Specific and non-specific folate binding protein in normal and malignant human tissues

R Corrocher 1,2,1, G De Sandre 1,2, A Ambrosetti 1,2, M L Pachor 1,2, L M Bambara 1,2, A V Hoffbrand 1,2
PMCID: PMC1145370  PMID: 670421

Abstract

Binding of tritiated folic acid by supernatants prepared from extracts of normal and leukaemic leucocytes, normal mucosa, and malignant tumours from different parts of the gastrointestinal tract has been measured using Sephadex-gel filtration and albumin-coated charcoal techniques. Non-specific binding (measured by Sephadex G-75 gel filtration) was almost invariably greater than specific binding measured by albumin-coated charcoal separation of bound and unbound folate. In nine normal leucocyte extracts, binding measured by Sephadex G-75 filtration ranged from 1·3 to 18·2 (mean 8·2) pg/mg protein and by albumin-coated charcoal from 1·0 to 14·8 (mean 6·7) pg/mg protein. Raised specific binding was found in the extracts from leucocytes of eight of 14 patients with chronic granulocytic leukaemia, in four substantially so (389, 121, 108, 59·7 pg/mg protein), but was only marginally increased in one of eight cases of acute myeloid leukaemia and in two of five cases of chronic lymphocytic leukaemia. Binding was normal in the extracts of all three cases of acute lymphoblastic leukaemia tested.

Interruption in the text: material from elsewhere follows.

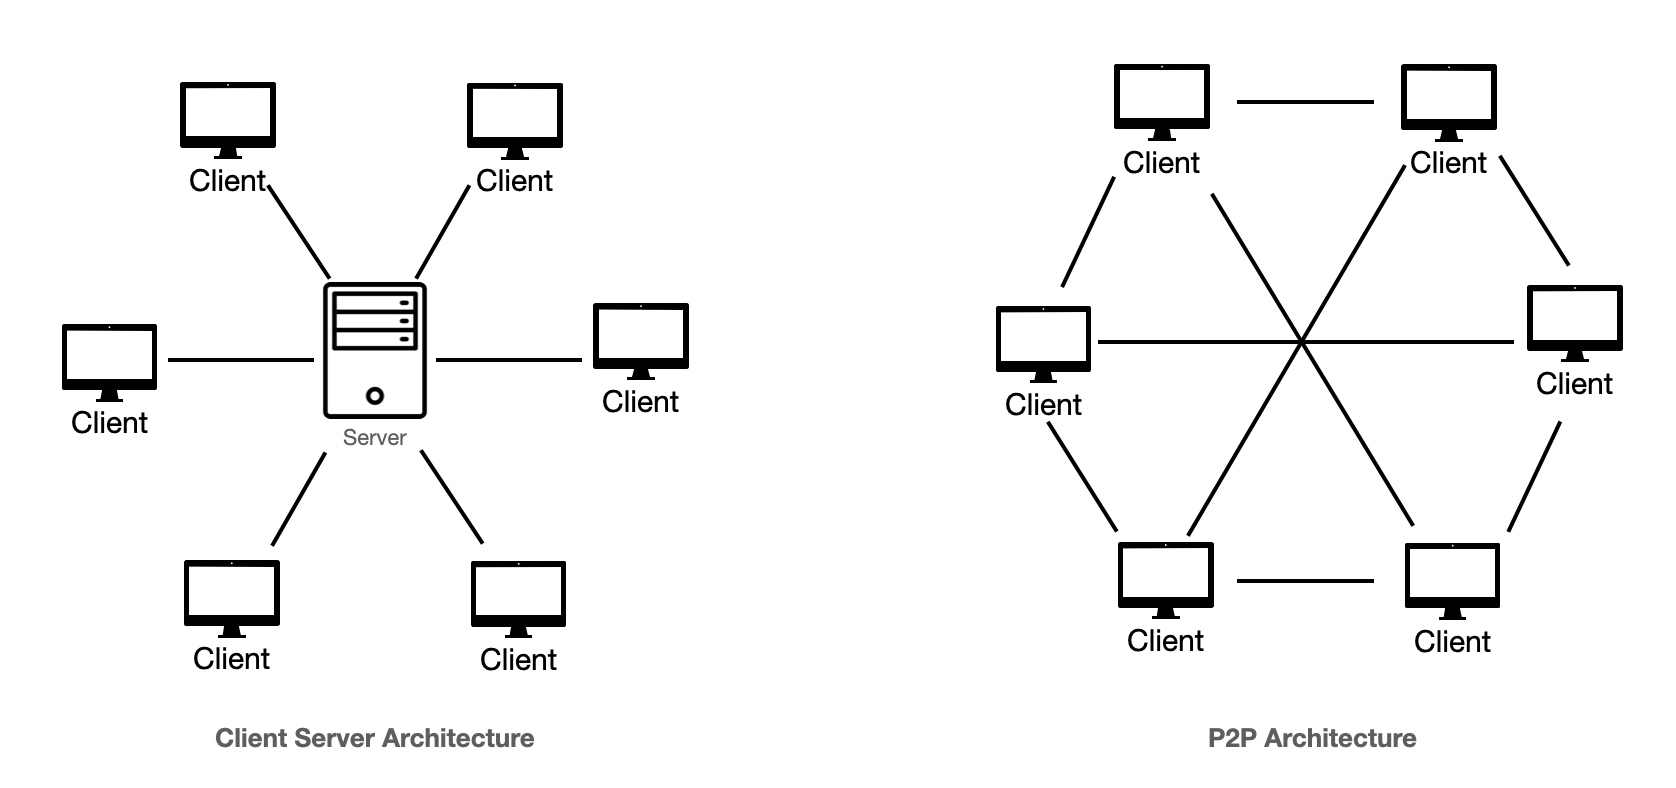 Client Server Architecture VS P2P Architecture

Among the tissues of the gastrointestinal tract binding was greatest by the duodenal mucosa and liver. Extracts of carcinoma of the stomach and colon bound greater amounts of 3H-folic acid than the corresponding normal mucosal extracts but the differences were not large. Sephadex G-200 gel chromatography showed more than one binding peak in the extracts of liver and duodenum but only one peak in the other tissues of the gastrointestinal tract, and only one peak, of molecular weight either about 50 000 or over 200 000, in the leucocyte extracts.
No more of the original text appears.